Proceedings of ICFD11:
Eleventh International Conference of Fluid Dynamics
December 19-21, 2013, Alexandria, Egypt
ICFD11-EG-4039
Computational Modelling of H-type Darrius Vertical Axis Wind Turbine with
Multi Element Airfoil Blades
Ahmed M. El Baz1 , Aly R. Refaey2, Mohannad Y. Mohammed2 and Abdallah W. Youssef2
Renewable Energy Systems Simulation Lab
Department of Mechanical Power Engineering
Faculty of Engineering
Ain Shams University, Cairo, Egypt
1 Associate Professor, Corresponding Author, email: Ahmed_elbaz@eng.asu.edu.eg
2 Graduate Students
ABSTRACT
Vertical axis wind turbines (VAWT) have received considerable
attention in the recent years due to their advantages compared
with horizontal axis wind turbines in urban applications.
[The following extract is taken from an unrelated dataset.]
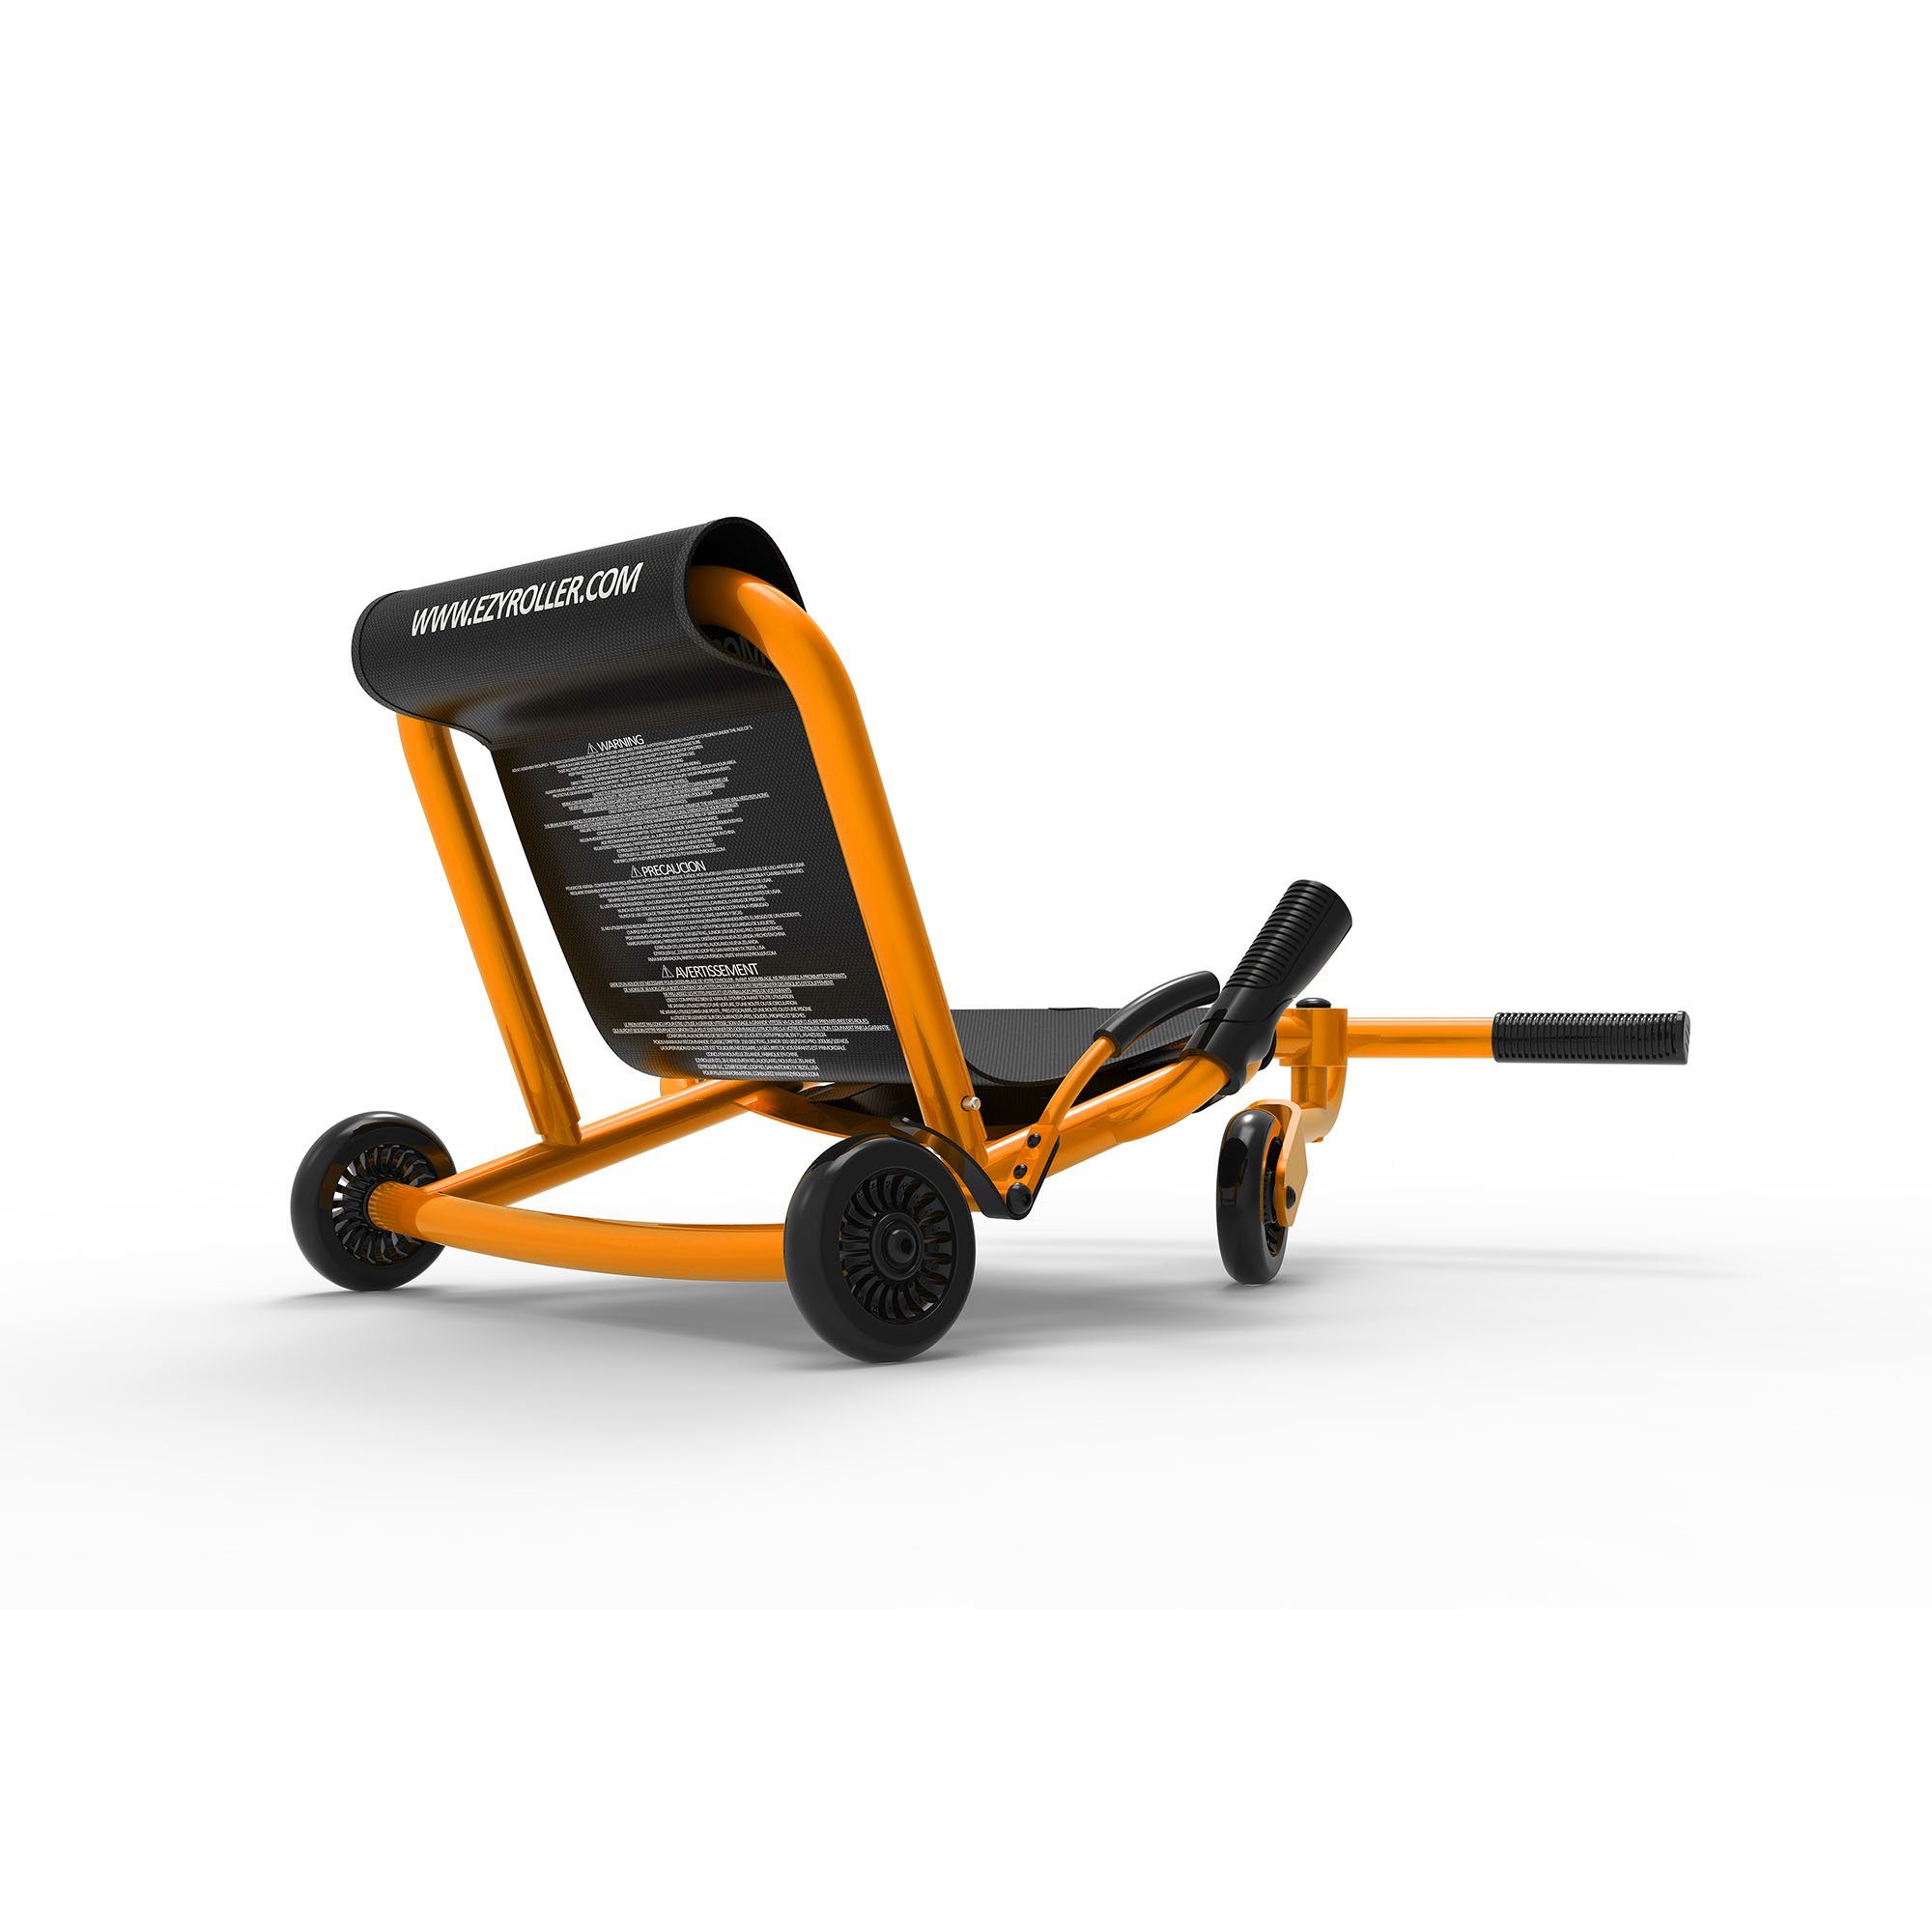 EzyRoller Dreiradscooter 14 orange Trike Kinder Jahre bis für Classic, Funfahrzeug Kinderfahrzeug 4 Dreirad ab

The
Darrius rotor and the H rotor turbine are VAWTs which employ
airfoil shaped blades to extract energy from the wind by virtue
of their high lift capability. More research work is needed to
increase the power coefficient of this type of wind turbines to
match with higher demand for power in small scale
applications. Also, further work is also needed to enable the H
rotor to become self-starting.
The objective of this study is to examine H rotor turbine
performance using multi element airfoil blades. The work
considers effects of adding a trailing edge flap to the airfoil.
Trailing edge flap geometry such as relative length and flap
angle relative to chord length are examined. The present work
shows that this design outperforms that of conventional airfoil
by 15% at low speed ratios. Moreover, the flap angle can
improve the self-starting capability of the turbine by increasing
the lift force on some blades in the stand still condition.
KEYWORDS
Wind turbine, H-shape Darrius, Vertical axis, CFD
INTRODUCTION
With the depletion of fossil fuel energy, alternative energy
sources as well as renewable energy have become the most
popular field of research interest. Wind turbines are considered
one of the most commonly used turbomachine for power
generation nowadays so that it has been increasingly
investigated. From the perspective of urban application, Vertical
Axis Wind Turbine (VAWT) has many advantages over the
widely used conventional Horizontal Axis Wind Turbine
(HAWT). Eriksson et al [1] made a comparative study of three
different wind turbines (HAWT, Darrius VAWT and HVAWT) from the most important aspects including structural
dynamics, control systems, maintenance, manufacturing and
electrical equipment. A case study was presented where the
three different turbines were compared to each other. They
concluded that the vertical axis wind turbine appears to be
advantageous to the horizontal axis wind turbine in several
aspects.
Darrius and H turbine research have examined many
design parameters of these turbines [2-7]. These parameters
include blade profile shape, aspect ratio, solidity, tip speed ratio
as well as others. Some recommendations for the optimum
values of such parameters are now available in the literature.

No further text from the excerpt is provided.